Sudden bilateral foot drop without cauda equina syndrome: An unusual presentation of lumbar disc prolapse
M Arnaout, A Howieson, R Shah
cauda equine, disc prolapsed, discectomy, foot drop, sciatica
M Arnaout, A Howieson, R Shah. Sudden bilateral foot drop without cauda equina syndrome: An unusual presentation of lumbar disc prolapse. The Internet Journal of Orthopedic Surgery. 2008 Volume 14 Number 2.
Bilateral acute foot drop is reported in a 59 year-old healthy male. He presented with a 2 days history of severe backache, sciatica and a history of sudden bilateral ankle weakness that progressed to bilateral foot drop. Investigations revealed a large central disc prolapse at L4/L5 with significant canal stenosis. Following surgery the patient had progressive improvement.Compression of the cauda equina is an uncommon presentation of lumbar disc (2). Rarely, lumbar disc herniation may produce bilateral foot drop. Acute unilateral foot drop has been well described in the literature (3). We report a rare case of a bilateral sudden foot drop, due to an acute central disc prolapse at L4/L5 level, without cauda equina syndrome which has not been reported previously in the literature.
A 59 year old engineer presented with a 3 months history of intermittent low back pain complicated by a sudden onset of left sided sciatica. He developed rapidly progressive bilateral leg weakness which began in the right leg then affected the left. Paraesthesia of the left calf, leg and dorsum of the foot was reported. Of note he reported no urinary or bowel problems. There was no history of trauma and he was systemically well with no significant past medical history.

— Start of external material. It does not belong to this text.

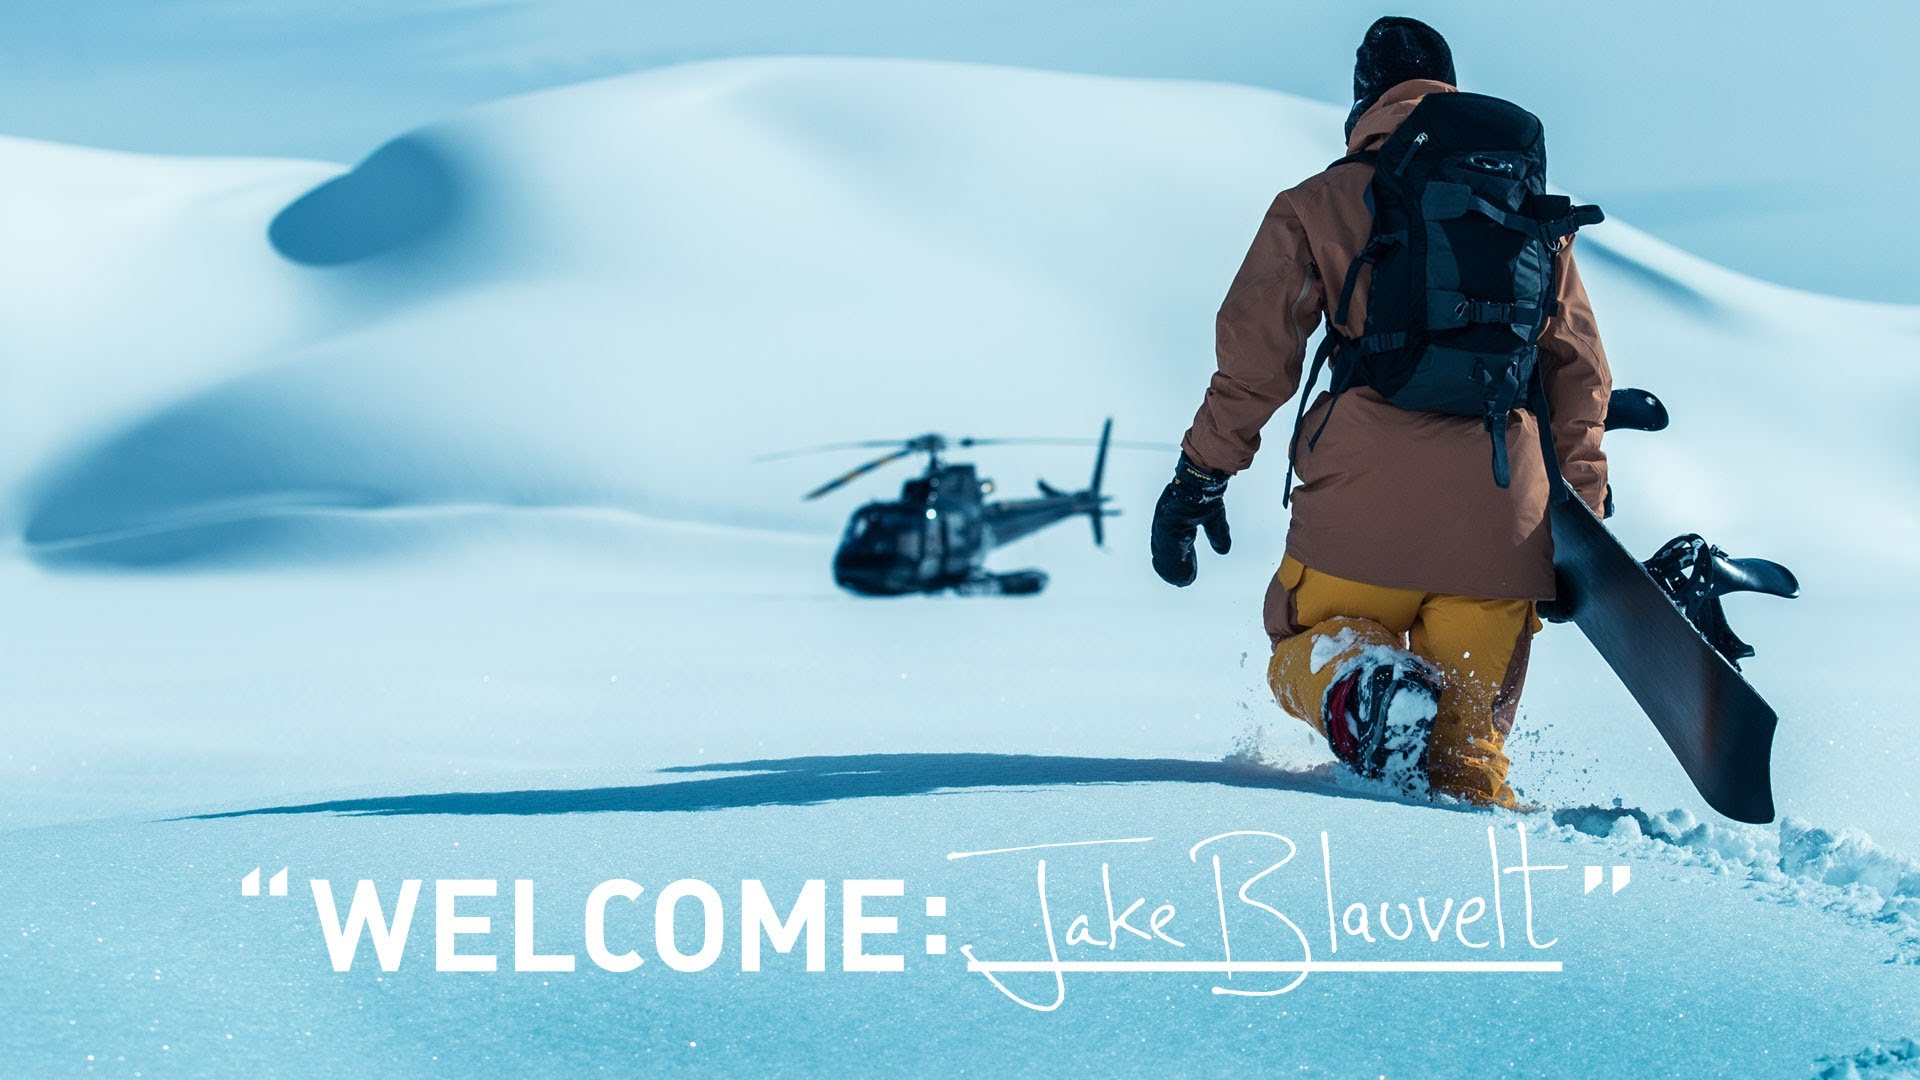 Adidas Snowboarding - Jake Blauvelt riders.me

On examination he was normotensive and apyrexial. Examination of the lumbar spine revealed no midline or paraspinal tenderness. Straight Leg Raise (SLR) was to 80 degrees bilaterally. He had Medical Research Council (MRC) grade 4 muscle strength for left knee flexion and grade 2 muscle strength for ankle dorsiflexion bilaterally. He had bilateral absent ankle jerks with normal knee jerks. Perianal sensation and tone were normal.
His White Cell Count (WCC) was elevated at 15.8 x 10 9 and his C Reactive Protein (CRP) was 166 mg/L .Other routine blood tests were unremarkable. Radiographs of the lumbar spine only showed some early degenerative changes.

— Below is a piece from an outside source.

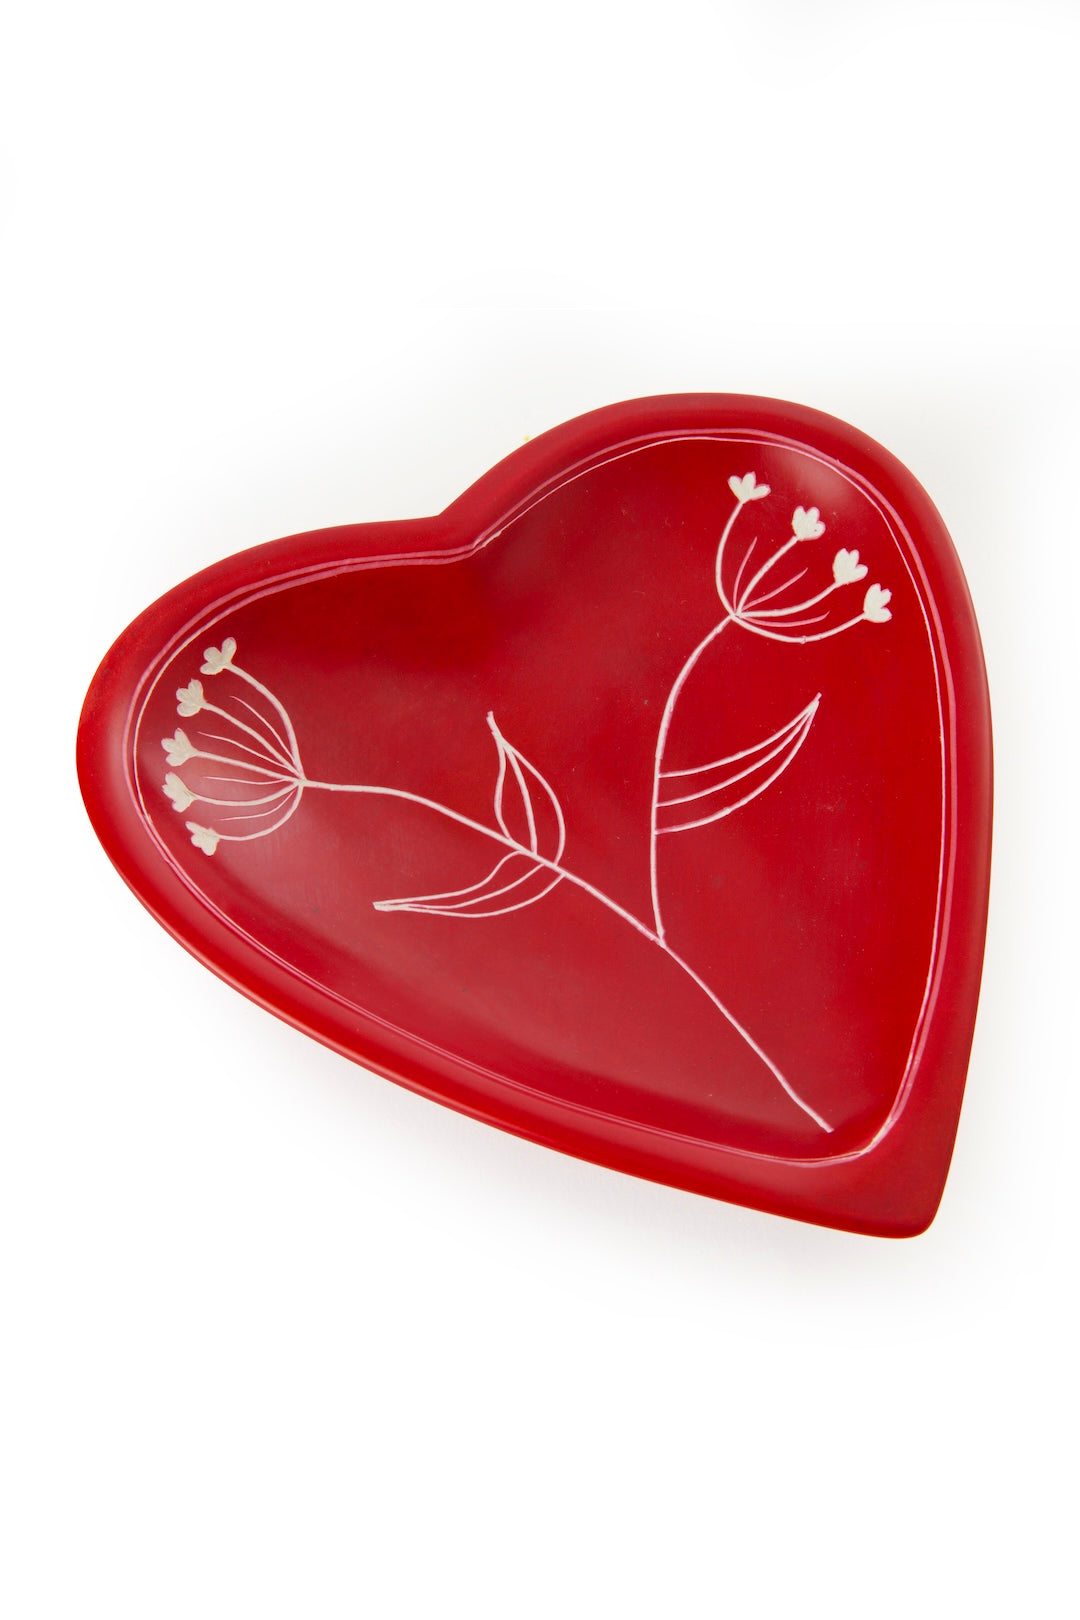 Ammi Flower Heart-Shaped Soapstone Dish

Pain progressed over the following twenty four hours and power in both feet weakened to grade 1. An urgent Magnetic Resonance Imaging (MRI) scan of the lumbar spine revealed a massive disc prolapse at L4/5 with almost complete obstruction of the spinal canal. He was taken to theatre and underwent a lumbar discectomy and transforaminal lumbar interbody fusion of L4 to L5. Post operatively his neurology has improved and at one month post surgery he had grade 3 motor strength of ankle dorsiflexion and at 6 months of physiotherapy it improved to grade 4.
Cauda equina syndrome secondary to lumbar disc herniation has a rare incidence. Typical clinical features include altered perianal sensation and bladder or bowel dysfunction (4) .Bilateral leg symptoms are reported to be suggestive of an impending cauda equine syndrome. Onset usually occurs gradually on a background degenerative disc disease. Occasionally, the syndrome may be restricted to one side and is termed hemi-cauda equina syndrome (7).
Bilateral foot drop is a rare condition, and has been reported as the presenting feature in lumbar canal stenosis (8). Other reported aetiologies include Churg - Strauss syndrome(9) which is a also known as allergic granulomatosis, is a medium and small vessel autoimmune vasculitis, leading to necrosis, hypothyroid myopathy(10), concomitant HIV type 1 and human T-cell leukaemia virus type 1 infection (11), Crohn's disease (12) post electroconvulsive therapy (13) and anorexia nervosa (14). Bilateral foot drop may be a presenting feature of other neurosurgical remediable lesions, such as a parafalcine mass lesion (15).
Acute foot drop is rare and acute bilateral foot drop due to lumbar disc prolapse has not been previously reported in the literature. In a case series by Chang et al (6) one patient had a unilateral foot drop but there were no reported bilateral symptoms. Our patient is making a good recovery following surgery and it is well recognised that emergency surgery is associated with a better outcome in patients with true cauda equina.